También son necesarias otras decisiones referidas a contextos, modos de circulación y a la
obtención de recursos. Todo ello orientado a la producción de sentido subjetivo, social y
cultural, e histórico.
Siguiendo con la ayuda de Marta Zátonyi: “En una obra de arte está el mundo. El mundo
interior del artista y el mundo exterior. Su pasado y su presente. La posibilidad de verlo
depende de nuestra capacidad y disposición. De nuestra capacidad de preguntar a la obra…
cada obra va a contestar en la medida en que le podamos preguntar” (Zátonyi, 2002, p.62).
Esta cita nos da pie para continuar con la instancia de producción de sentido por parte del
espectador, en la recepción de la obra, que no precisamente se trata de una instancia pasiva,
sino que nos requiere de una mirada involucrada e interpretativa, completando el sentido de la
misma. Nuevamente John Berger nos ilustra al respecto, poéticamente: “quienes dibujamos, no
sólo dibujamos para hacer algo visible para los demás, sino también para acompañar a algo
invisible hacia su destino insondable” (Berger, 2012, p.16)

El psicoanalista Serge Tisseron sostiene que toda imagen nos acoge. “Antes de ser un
conjunto de signos por explorar y descifrar, es ante todo, un espacio por habitar, y
eventualmente por habitar con otros” (citado por Petit, 2015, p.51). En ese sentido, Henri
Gaudin enuncia “habitar implica re- absorber la distancia con la extrañeza de lo que es externo
a nosotros” (citado por Petit, 2015, p.16). Las imágenes -si nos disponemos para ello- nos
abren el territorio personal respecto de lo planteado o sugerido por las mismas; miramos,
escuchamos y nos hacemos eco, construyendo nuestros sentidos personales a partir de lo que
vemos y en diálogo con lo que muchas veces vivimos de manera confusa e indecible. Las
producciones artísticas nos posibilitan encontrar fuera de nosotros mismos o construir a partir
de ellas, significados en torno a la propia experiencia, a nuestra medida, que permiten mirar de
manera “mediada” lo vivido… lo que se desea vivir y lo que no se desea vivir.
En este marco enunciamos que con el arte construimos nuestra propia geografía y
nuestra propia historia, nuestra identidad. El arte y su enseñanza permiten leer la realidad,
leernos en ella y abrir camino a otros mundos posibles. La imagen tiene la potencia de hacer
presente aquello que podría no ser pero que de alguna manera lo señala como posible. Nos
invita a involucrarnos en nuestra realidad, en la toma de posición respecto de ella.
Como dice Ticio Escobar “La práctica del arte supone así, un trabajo de revelación: debe ser
capaz de provocar una situación de extrañamiento, para develar significados y promover
miradas nuevas sobre la realidad” (Escobar, 2014, p.44).

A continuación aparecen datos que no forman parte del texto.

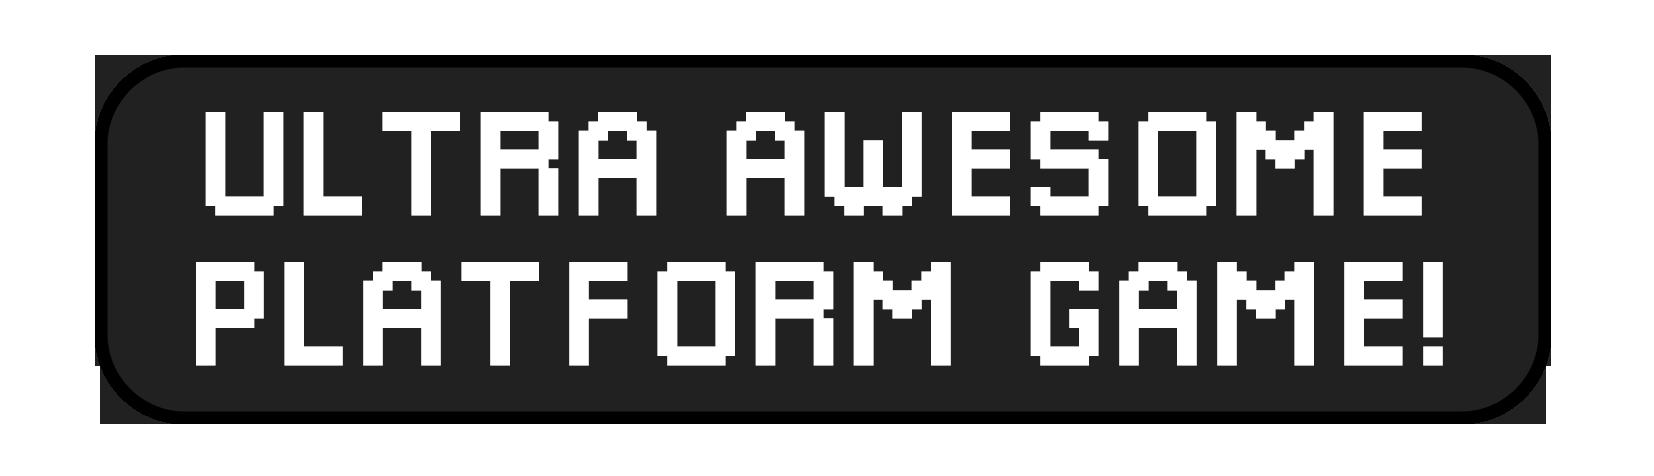 Ultra Awesome Platform Game!

Otro aspecto que esta concepción tiene en cuenta es cómo se han ampliado en la
actualidad el tipo de producciones artísticas –imbricándose muchas veces entre sí de
acuerdo a la hibridación de los lenguajes propia de nuestro tiempo- y los circuitos de
circulación, alcanzando a producciones urbanas, callejeras y la posibilidad de difundirlas a
través de las redes sociales y diversas plataformas. En las producciones se supera la tan
mentada división arte/artesanía y se incluyen manifestaciones populares locales, el uso de
materiales no convencionales, que se muestran y difunden en circuitos mucho más allá de los
históricamente habituales, rompiendo con la lógica de los lugares tradicionalmente legitimados.
Esto tiene una profunda consecuencia en términos de democratización del arte. El arte popular
-en los términos de Eduardo Galeano, “los bajos fondos del arte” (citado por Escobar, 2014,
p.47)-, lejos de constituir una producción artística subalterna, “moviliza tareas de construcción
histórica, de producción de subjetividad y de afirmación de diferencia… constituye un referente
fundamental de identificación colectiva, y por lo tanto, un factor de cohesión social y
contestación política” (Escobar, 2014, p.29).
La influencia de las innovaciones tecnológicas tanto en la instancia de producción como en
la posibilidad de difusión y circulación, incorpora posibilidades, lógicas y nuevas dimensiones
temporales y espaciales antes inexistentes.
Con relación a la democratización del arte, cabe mencionar también el complejo factor de
las industrias culturales, en tanto favorecen la distribución y el acceso más amplio a bienes
simbólicos de derecho universal. Pero ¿quiénes las conducen?, ¿cuáles son sus contenidos?,
¿cuáles son sus propósitos?, ¿quiénes pueden acceder?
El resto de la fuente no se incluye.